Anomalies
Consider a silly database where we keep up with students, grades, and friendships in a single table.
Jason | 10 | Mary | 9 |
Jason | 10 | John | 12 |
What can go wrong?
- Modification or update anomaly — Jason moves to grade 11, but only one tuple is updated.
- Insertion anomaly — How to handle a new student who arrives without friends.
- Deletion anomaly — Do you remove Jason when he loses his last friend
Yes, it is silly, but consider the one-person department which temporarily loses its single employee, or the newly-created department, or all the tables where we get up with office locations.
Normalization
Start by consulting a down-to-earth view from Microsoft.
Then there is Wikipedia for a more formal view.
First normal form
“Do not use multiple fields in a single table to store similar data.” says Microsoft.

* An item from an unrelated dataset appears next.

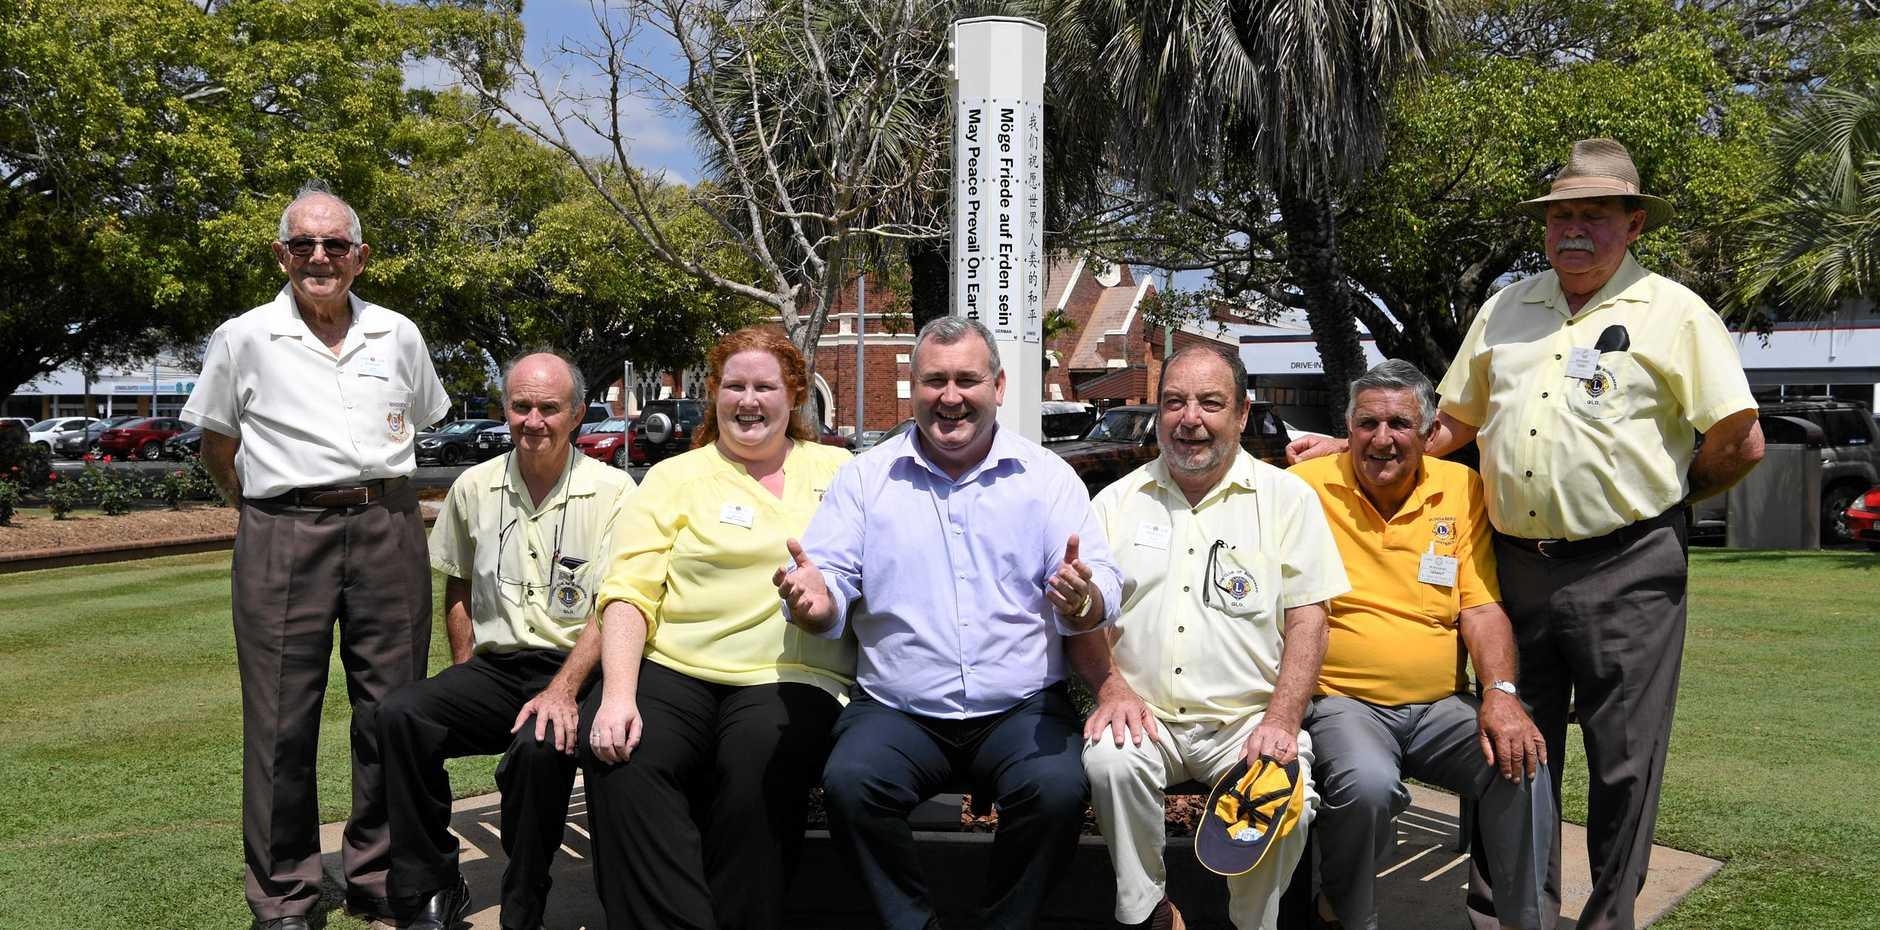 PEACE POLE: Jim Anderson, Alan Williams, Sue Lord, Mayor Jack Dempsey, Rino Gajaldon, Grant Macdonald and Terry Cunningham in Buss Park.

Or, every attribute must be an atom. Attributes shall not be lists.
Second normal form
Functional dependency
Given sets X and Y, write X → Y when knowing X tells you Y.
Don’t just look at tables to determine this information. You need someone with knowledge of the field. Sometimes functional dependency is just happenstance. In a small crowd, knowing the birthday may determine the name.
Key definitions
A superkey is a collection of attributes that uniquely determine each row. The row is functionally dependent on the superkey.
A candidate key is a a superkey that contains no smaller superkey. The row is fully functionally dependent on the candidate key.
A prime attribute is an attribute that occurs in a candidate key. A non-prime attribute isn’t prime.
Finally, the definition
A relation is in second normal form if it is in first normal form and no non-prime attribute is dependent on any proper subset of the relation.
Third Normal Formal
A relation is in third normal form if the relation is in second normal form and every non-prime attribute is non-transitively dependent on every superkey.
A transitive dependency is a situation where X → Z and Z → A and X and Z are different.
Boyce-Codd normal form
A relation is in Boyce-Codd normal form if for every dependency X → Y either X is a superkey or Y is a subset of X (a trivial functional dependency).
Similar definition for third normal form
A relation is in third normal form if for every dependency X → A, where A is a single attribute, either X is a superkey or or A is an element of X or A is a prime attribute.
Fourth normal form
You need to look at the Wikipeida entry for this one.